Recorded information |
□ □ □ □ □ □ □

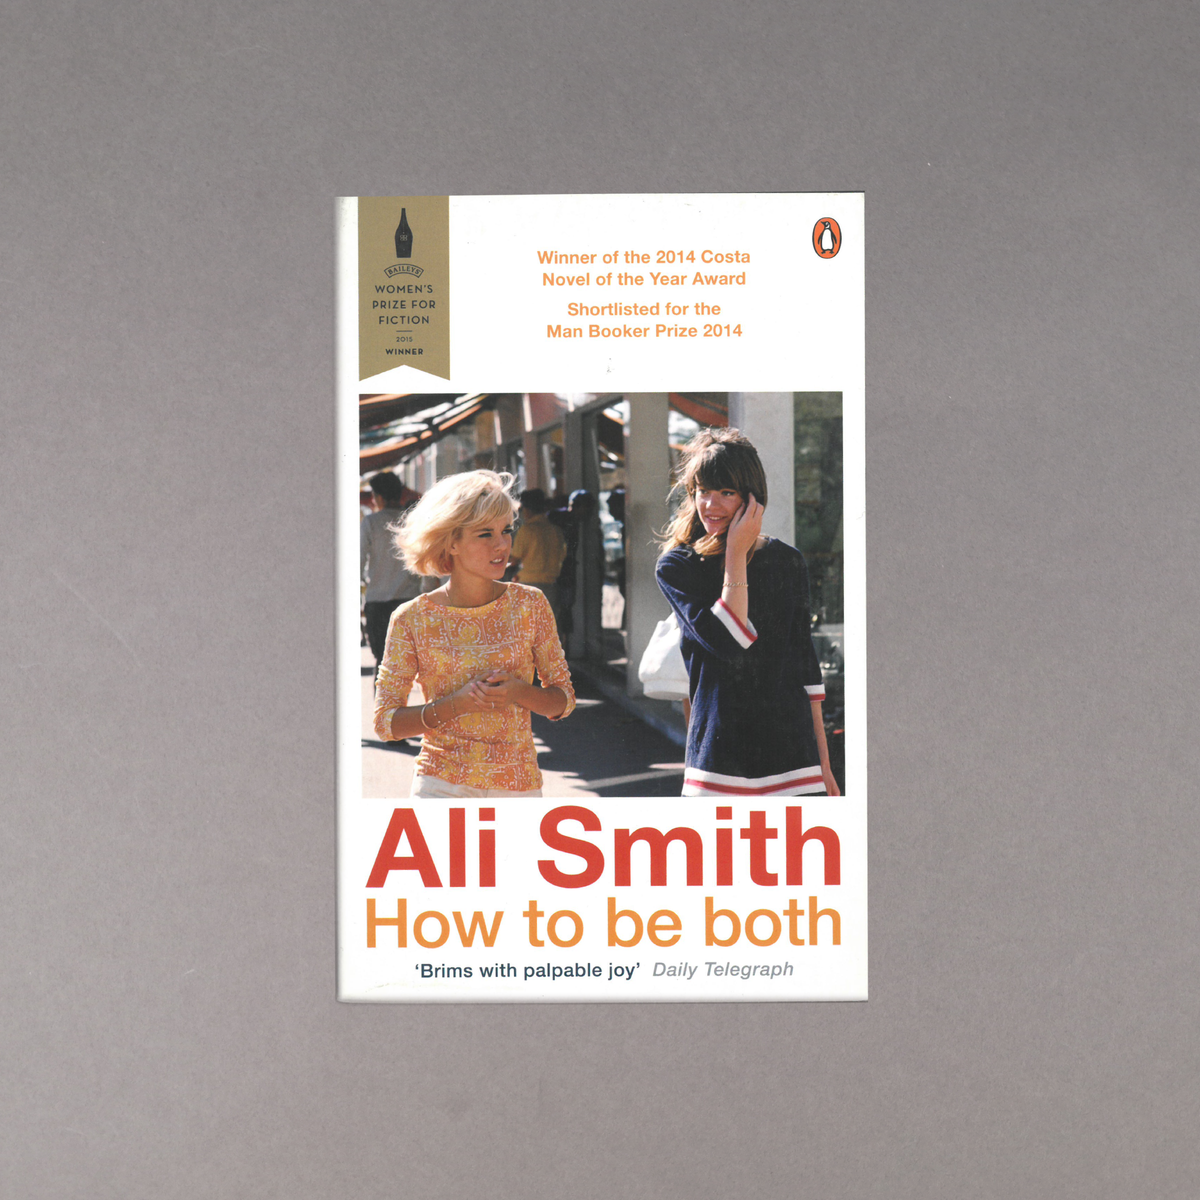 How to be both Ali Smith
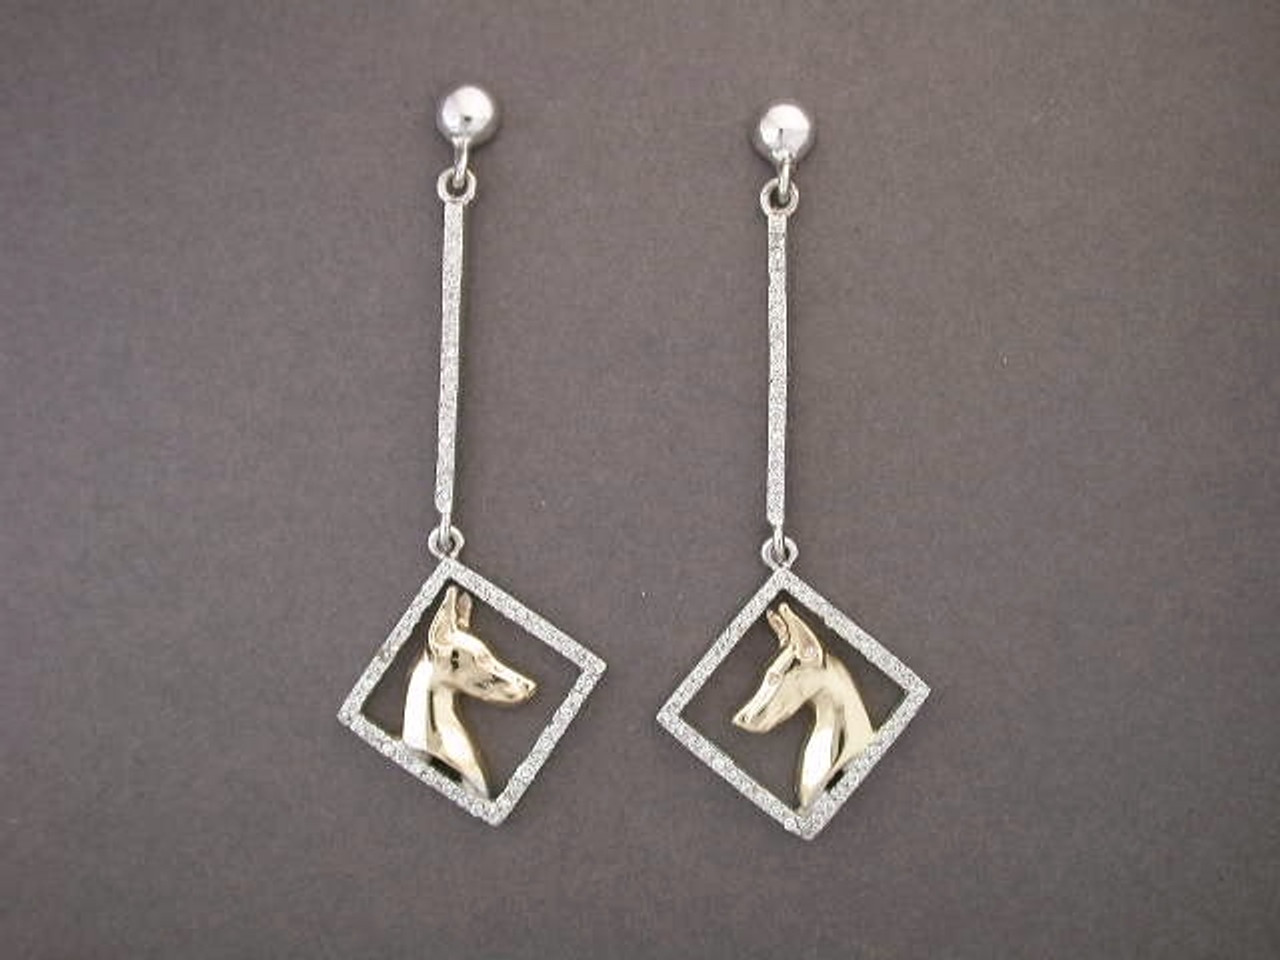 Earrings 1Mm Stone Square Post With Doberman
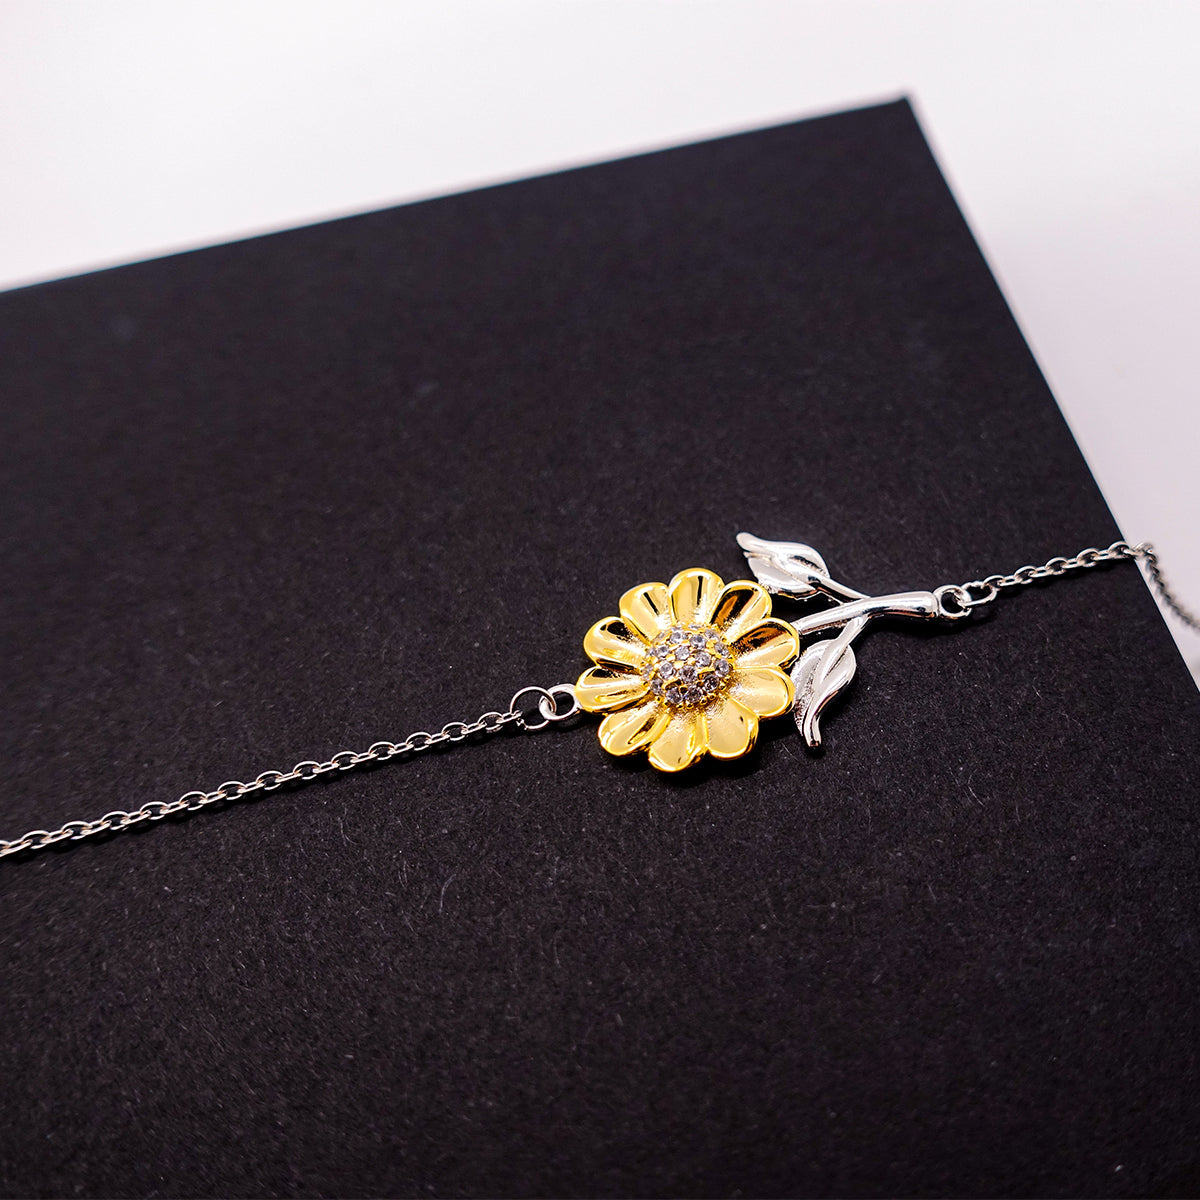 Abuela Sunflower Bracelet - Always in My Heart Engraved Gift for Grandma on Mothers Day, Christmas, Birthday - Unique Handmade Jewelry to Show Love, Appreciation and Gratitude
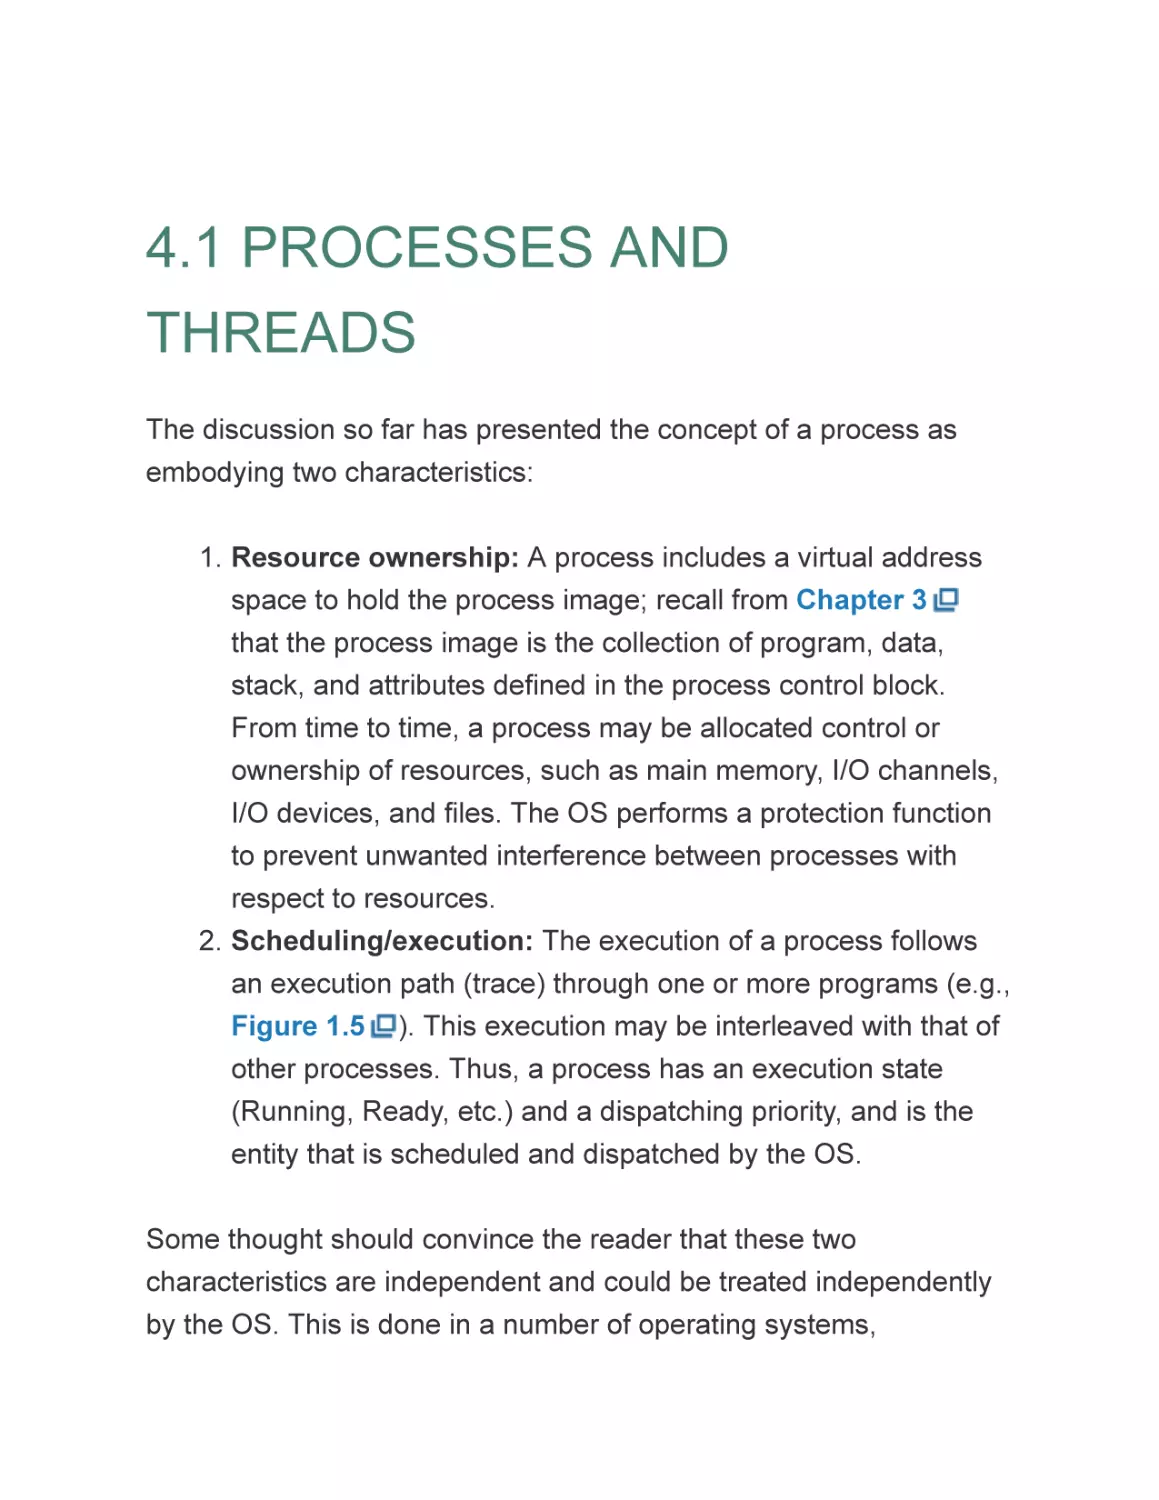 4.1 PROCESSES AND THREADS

□ □ □ □ □ □ □

Exercise | In your copy of the material, every word must match and no image should appear.

Response to the task |
 How to be both Ali Smith
 Earrings 1Mm Stone Square Post With Doberman
 Abuela Sunflower Bracelet - Always in My Heart Engraved Gift for Grandma on Mothers Day, Christmas, Birthday - Unique Handmade Jewelry to Show Love, Appreciation and Gratitude
 4.1 PROCESSES AND THREADS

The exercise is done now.